2016 CRIME UP IN HUNTINGTON AND CHARLESTON - Driven By Drug Epidemic

(03/12/2017)
Every crime from 2016 has been tallied and the numbers released Thursday showing a lot of different criminal trends,

In Huntington the most staggering number was murder rates which quadrupled from 2015 at three, to 12 murders last year, mostly drug related.

Police Chief Joe Ciccarelli said the 2016 murder rate, which was the highest since 1985, is frightening at first glance but tied to a particular group working its way through the city.

"I stress this over and over," Ciccarelli said, "the people that are involved in these situations are involved in drug activity. They're not random acts of violence."

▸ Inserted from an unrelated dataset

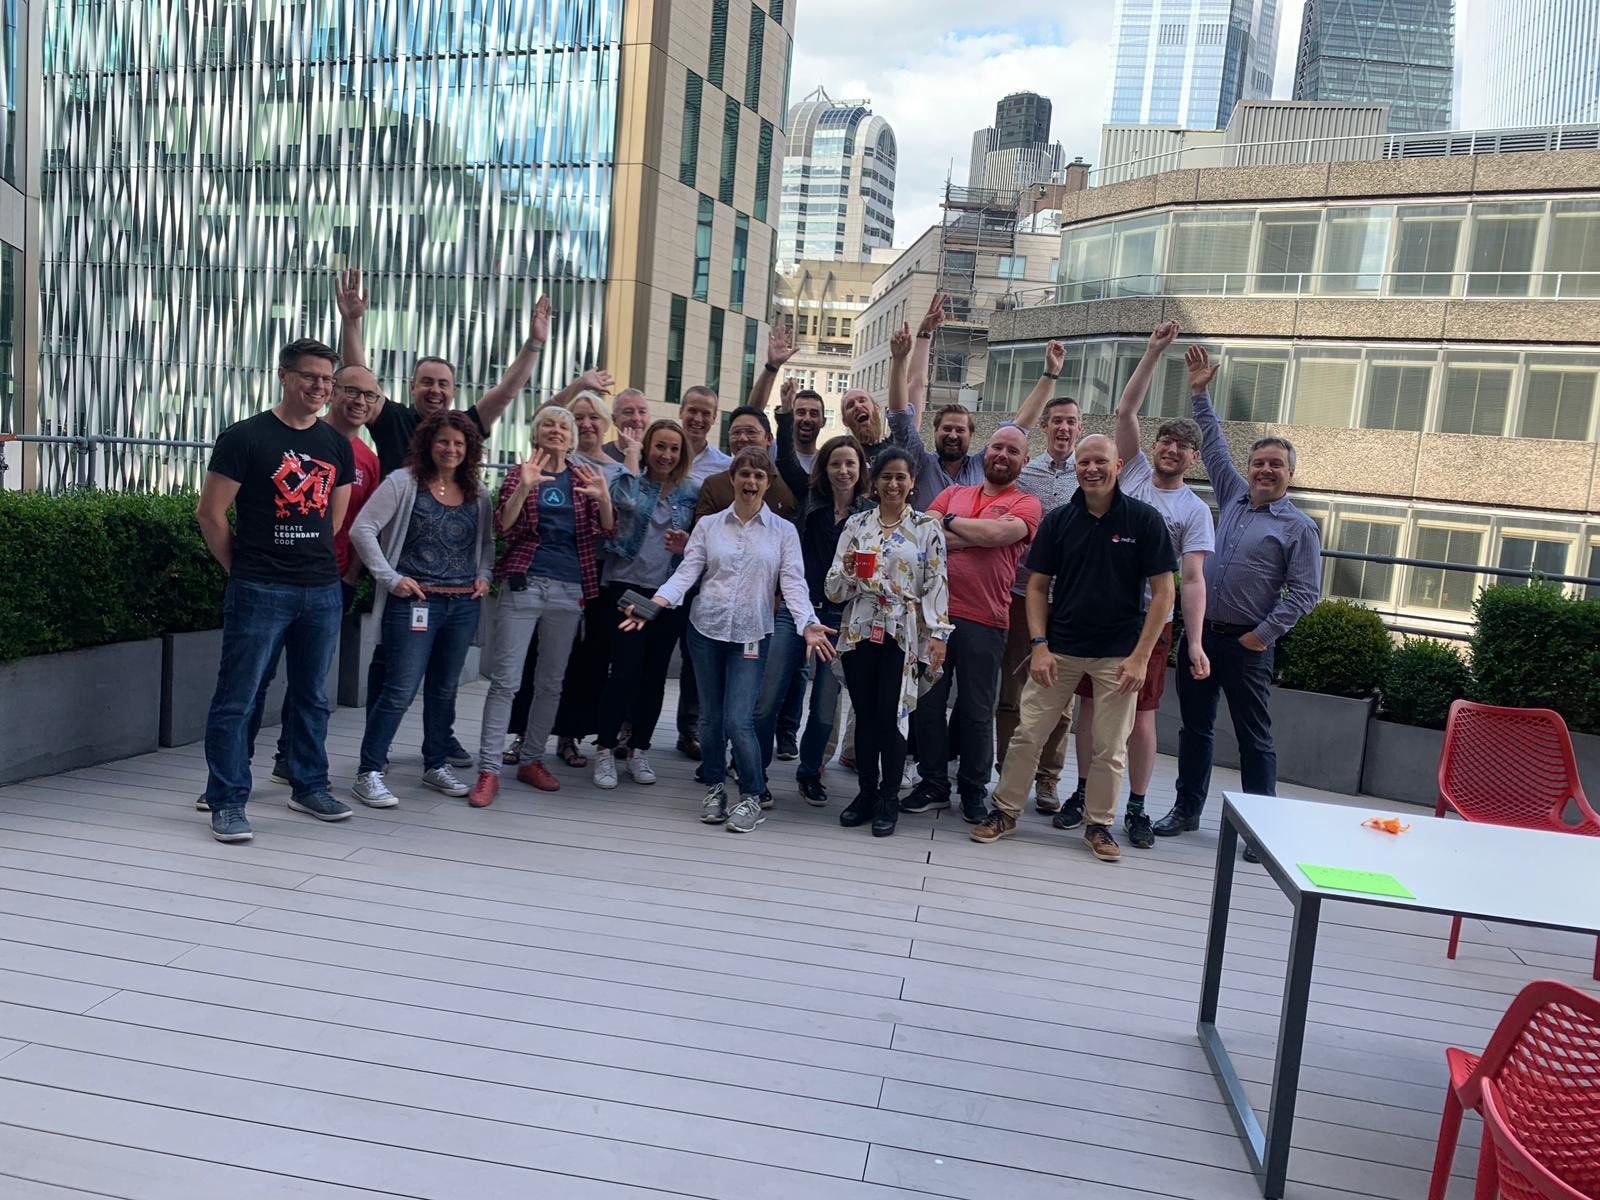   Some of the EMEA Labs Team on the balcony of Red Hat's London Office.

Two other crime spikes tied to drugs include trespassing and stolen property which were both up by roughly 350% between 2015 and 2016.

"It all funnels to into that same concept of battling the drug epidemic," Ciaccarelli said.

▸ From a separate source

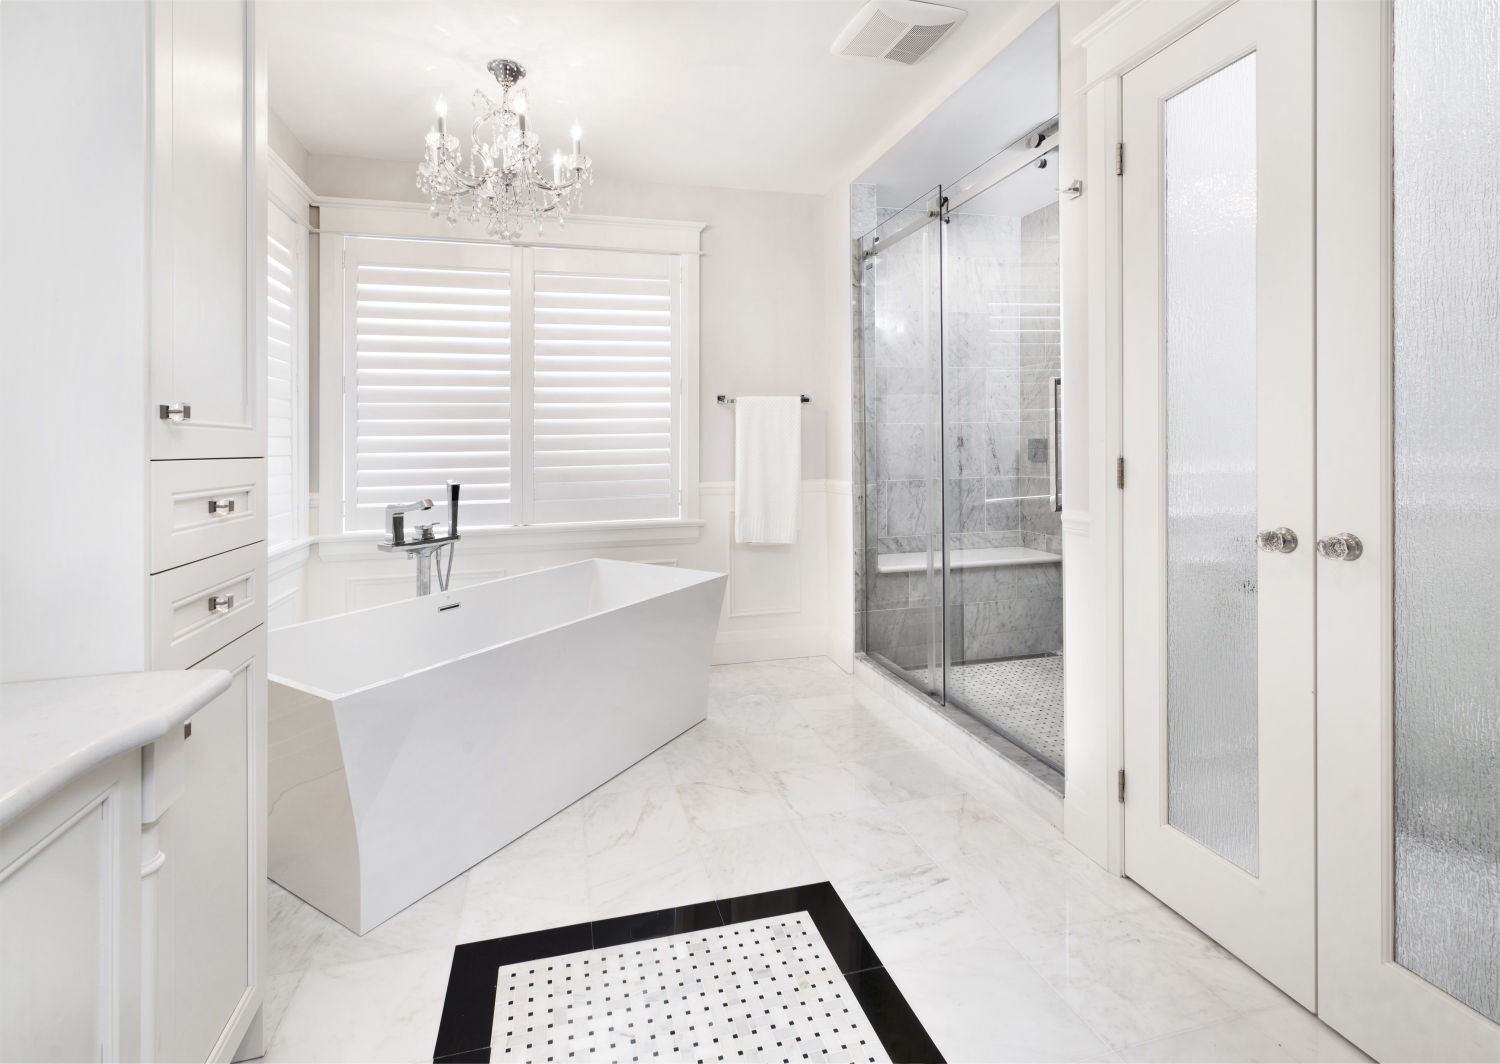 Photo of a modern white bathroom with large tub

Drug arrests took a leap from a little more than 350 to just under 450, seizing roughly 16 thousand pills, 800 grams of crack, and more than 450 thousand bucks worth of heroin.

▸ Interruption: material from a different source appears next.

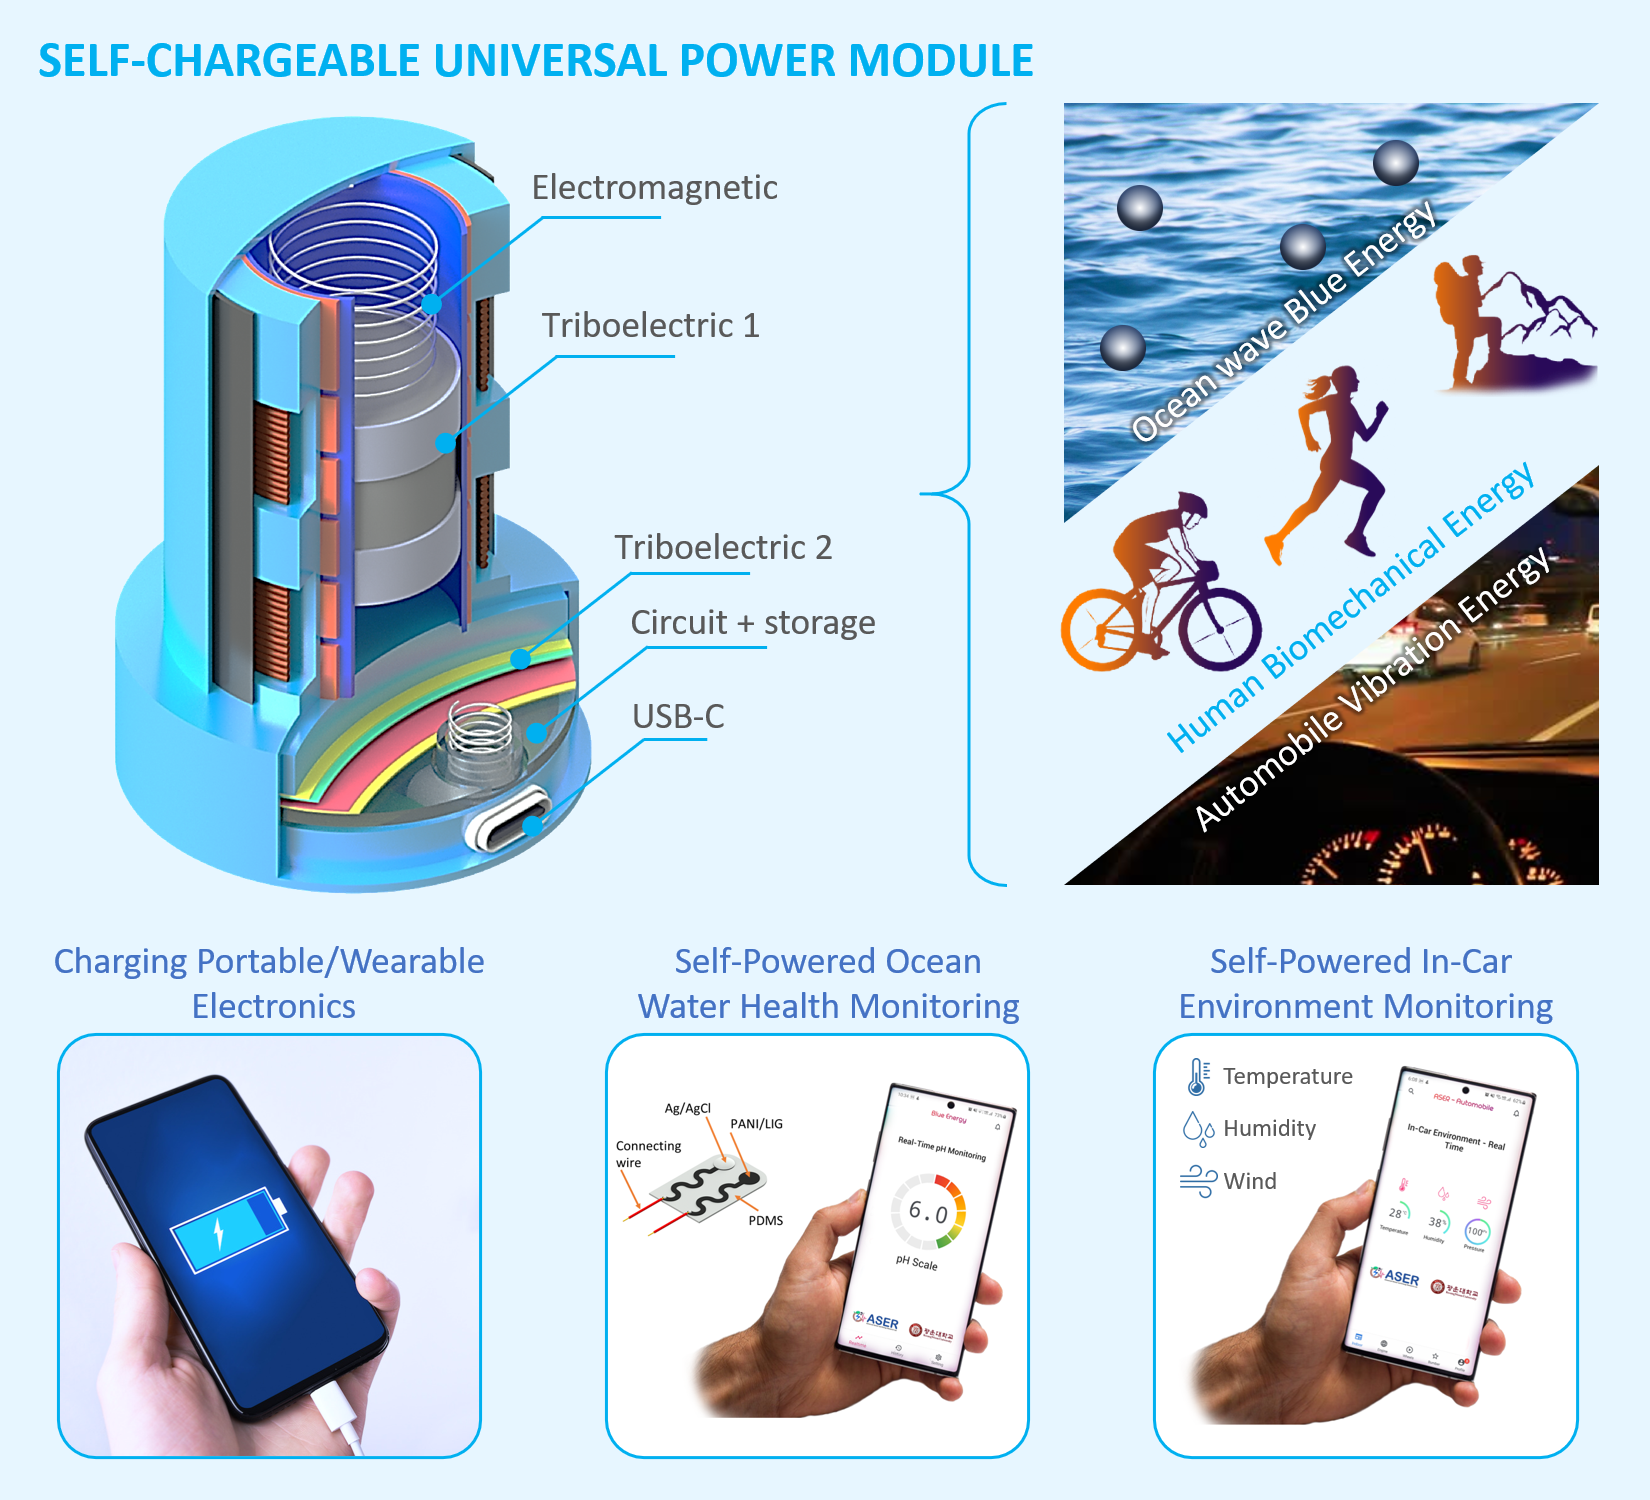 A Fully Functional Universal Self‐Chargeable Power Module for Portable/Wearable Electronics and Self‐Powered IoT Applications

"If you're not involved in drug activity, the chance of you being involved in a violent crime in this city are virtually nil," he said.

Crime is on the rise in Charleston, according to numbers released Thursday by the Charleston Police Department.

Seven of the eight crime categories the FBI mandates be reported every year saw an increase from 2015 to 2016.

There were approximately 650 more crimes reported in 2016 than 2015. Overall, some of the biggest increases were in the categories of larceny, car break-ins and car thefts.

Murders across the city went up from seven in 2015 to 11 in 2016, with eight in the West District, two in the East District and one in the South District.

Police Chief Brent Webster said in a release the reality is that the heroin and opioid epidemic is driving almost all of the city's crime. Cooper agreed, saying a lot of the crimes are desperate.

"A lot of these crimes are smash and grab crimes is what we call them, where you break a window out of a business, you walk into a business and grab somebody's laptop and run out the door and down the street," Cooper said. "Many of these are not well-choreographed crimes. They are spontaneous. They're clumsy."

Breaking and entering saw a rise to 797 offenses in 2016 from 528 in 2015.

The only crime category that decreased from 2015 to 2016 was rape.

Despite claims to the contrary, with numerous metro areas having increased rates, crimes have been decreasing in the USA for nearly two decades.